If he does, and Klein rejects the petition, the issue is dead. But if Klein approves, the petitioners can appeal to State Commissioner of Education Shirley Neeley.

Larry Allen, vice president of the Klein board, said this week that he was unsure how he or his colleagues would rule.

”Whatever Spring does, Spring will do,” Allen said. ”Klein will make its decision independent of what the Spring board does.”

Rulings can vary

Neeley’s eventual ruling is also unpredictable. The Texas Education Agency typically hears one detachment and annexation case a year, and the rulings vary, according to spokeswoman Debbie Ratcliffe.Matthews, a 63-year-old businessman whose youngest child graduated from Spring ISD about 15 years ago, also led the effort in 2005 that defeated Spring’s $385 million bond referendum.

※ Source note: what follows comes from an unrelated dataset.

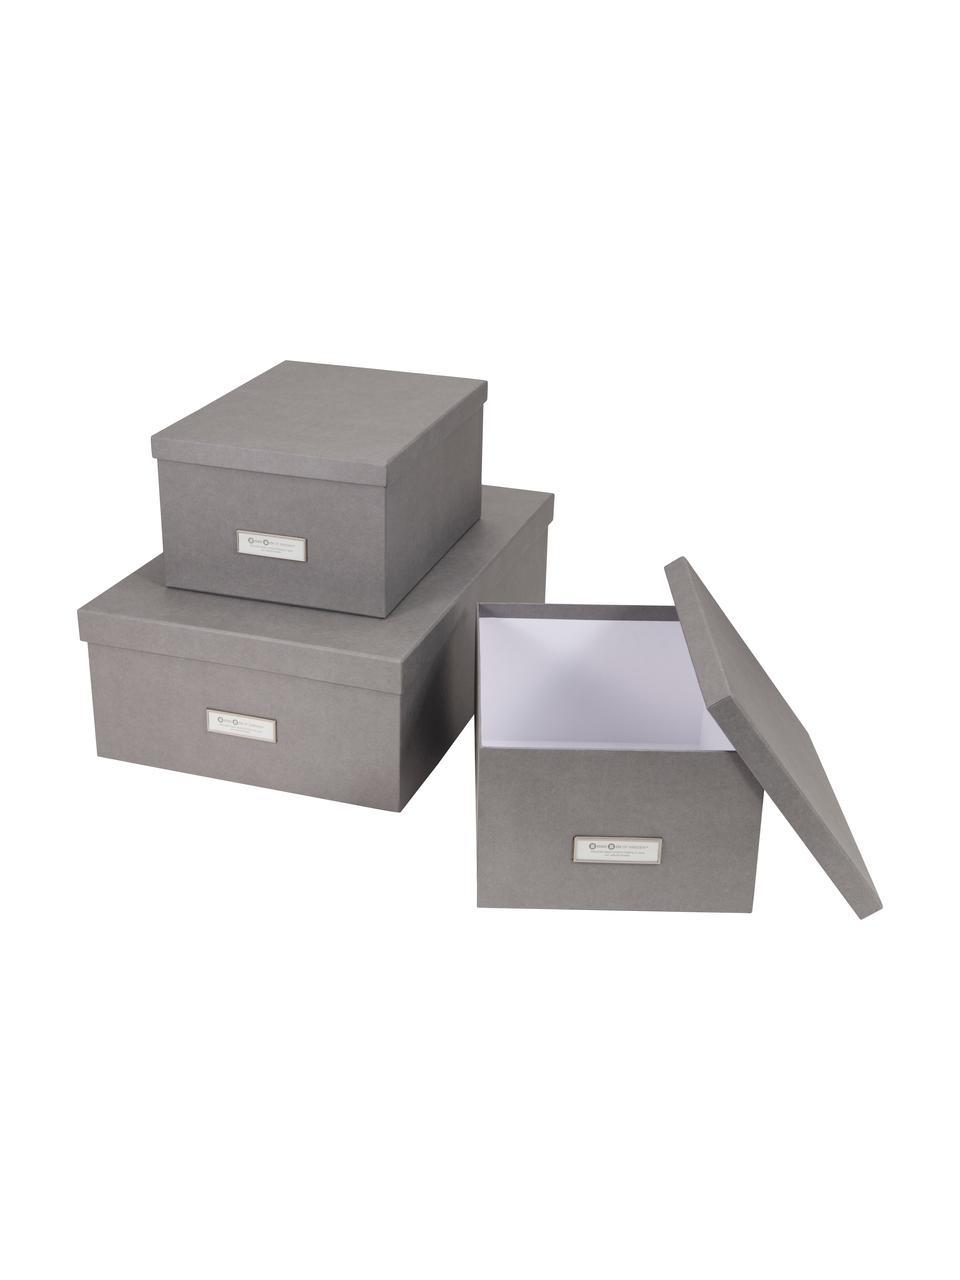 Aufbewahrungsboxen-Set Inge, 3-tlg., Box: Fester, laminierter Karto, Box außen: HellgrauBox innen: Weiß, Sondergrößen
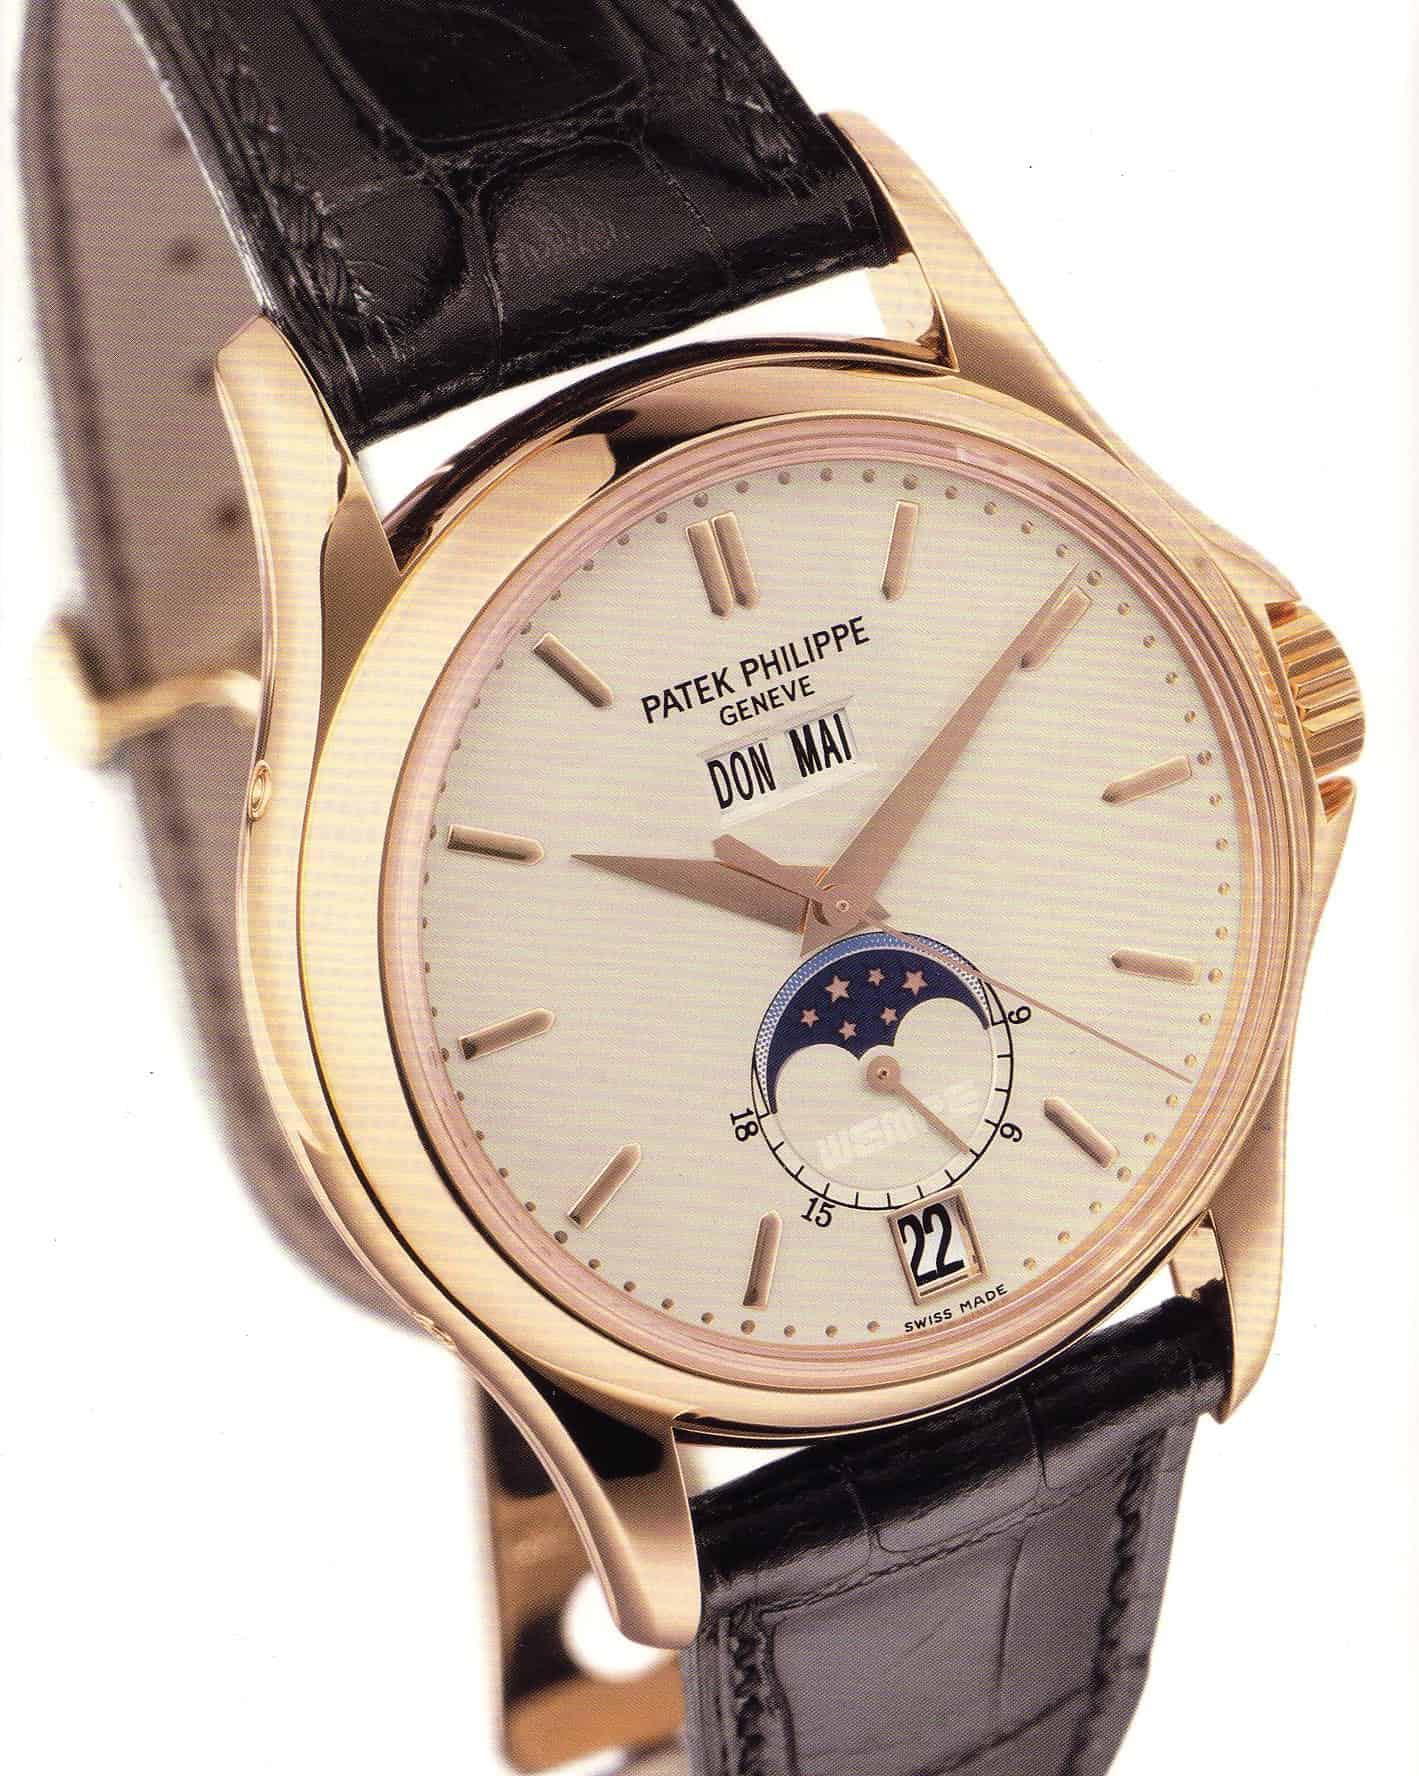 Zum 125. Firmenjubiläum von Wempe Hamburg gab es eine Patek Philippe W125 mit Jahreskalender und Mondphasenindikation.

Over the last decade, more minority students and more children from low-income families have moved into the Spring area.

Today, about 23 percent of the students in Spring are white, compared with 49 percent in Klein.

And more than half the students in Spring are low-income, compared with 30 percent in Klein.

W. Robert Houston, who directs the Institute for Urban Education at the University of Houston, said Spring’s approval of the petition would have set a bad precedent.

”It sends the message that any other subdivision, any other block, maybe any other family, could move to another school district with impunity,” he said.